What I have attempted to describe to you as existing to-day in these country districts may not be very encouraging, but it seems to me that every young man and young woman who has enjoyed the privileges afforded by this and by other institutions in the South—I speak especially now to the members of the next graduating class—should feel that such conditions as these present one of the most inviting fields possible for labour. Every young man and woman here is being educated by money that is given by others. None of you are paying for the education you are receiving. You might pay for your board, but you would have to do that elsewhere. Every one must pay for his or her own clothing, but the cost of buildings, rent, tuition, expenses and other matters pertaining to the institution you do not pay. Your education, in a large measure, is a gift from the public, and it seems to me that one of the first things you should do is to repay, to as large an extent as is possible with your services, what has been spent in giving you so large a part of your education.

This is a debt that you owe not only to yourselves, but to our race and our country. It is a religious debt as well, that you be willing to go out into these country districts and suffer, as it were, for a few years, until you can get a foothold, so that you can plant yourselves in one of these dark communities. I feel sure that you would not have to suffer very long. I believe that the hardest part of the struggle would come during the first two or three years. When you can convince the people that you are in earnest, the battle is won. When you can convince them that it is cheaper to keep an educated teacher than to keep one who is ignorant, and when you can once demonstrate your value to them not only in an educational respect but industrially and morally, the battle is won, and these people will stand by you and support you. In many cases, it is my belief, you will eventually find yourselves better supported financially than you would if you had gone to work in cities and large towns.

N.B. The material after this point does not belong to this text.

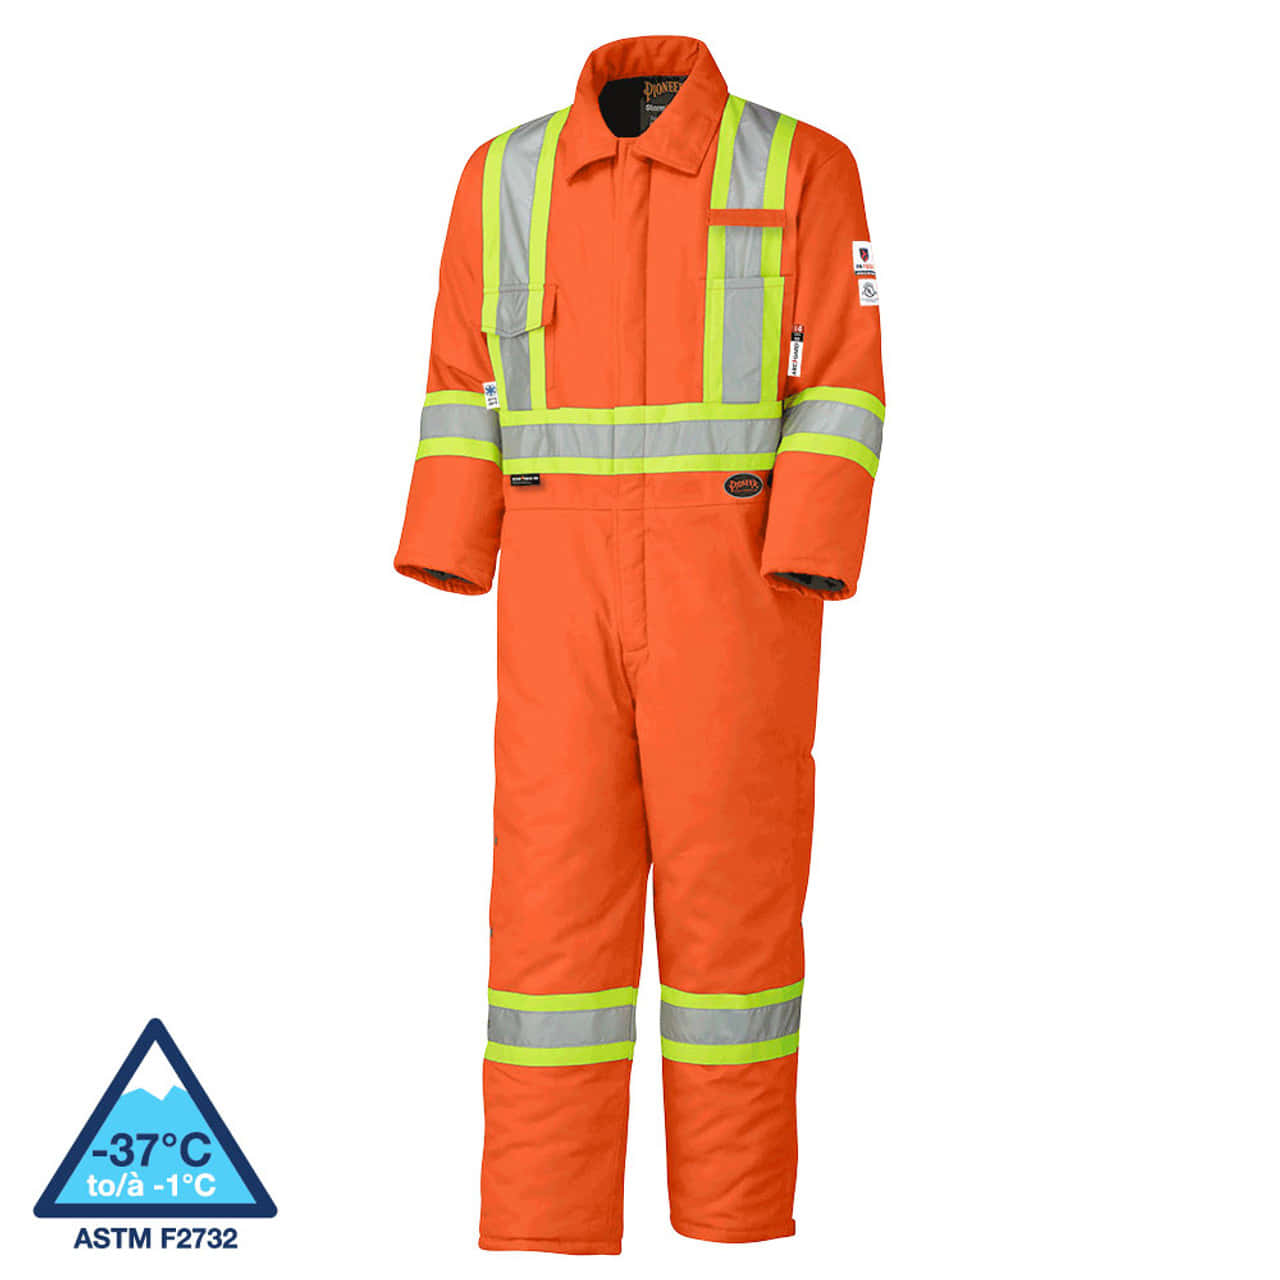 Construction Personnel Safety Suit Picture

No matter from which side you look at this problem, good is bound to come from it.

And while we are talking about the reward that will come as a result of your services, let me tell you that no greater satisfaction can come to any one than that which you will get from the worship and praise which will come to you from these old mothers and fathers who will be benefited by your services. I know of instances where teachers have gone and planted themselves in these country districts who, even if they do not make such a very great success financially, receive the love and most sincere worship from year to year, because of the feeling of gratitude which the people among whom they have settled have for them on account of their having helped them in so many ways.

This same kind of pioneer work had to be done all over the world before the right kind of civilization was planted. It was such work as this that the people did who settled the great West, where they were deprived of the comforts of life. The people who planted Oberlin College in what was then a wilderness had to suffer many such hardships. The men who went to Washington, Oregon, and California and established what are now large cities there, had to suffer many such hardships; they had to suffer just what you must and should suffer. Are you going to suffer for your own people until they can receive the light which they so much need? If the young men and women before me have the right kind of stuff in them they will do this. Most certainly do I hope that you are going to carry out into these dark communities the light which you receive here from day to day. I hope you will fill these districts with men and women of education. When you go out from here with your diploma, whether it be next May or at some other time, resolve to plant yourself in one community and stay there. No matter what your work is, you cannot accomplish much if you become the wandering Jew. Find the community where you think you can use your life to the best advantage, and then stay there.

[In the time that has elapsed since this talk was given, I think there has been improvement in many of the country schools in the South, and in the general condition of the people as described to me then.—B. T. W.]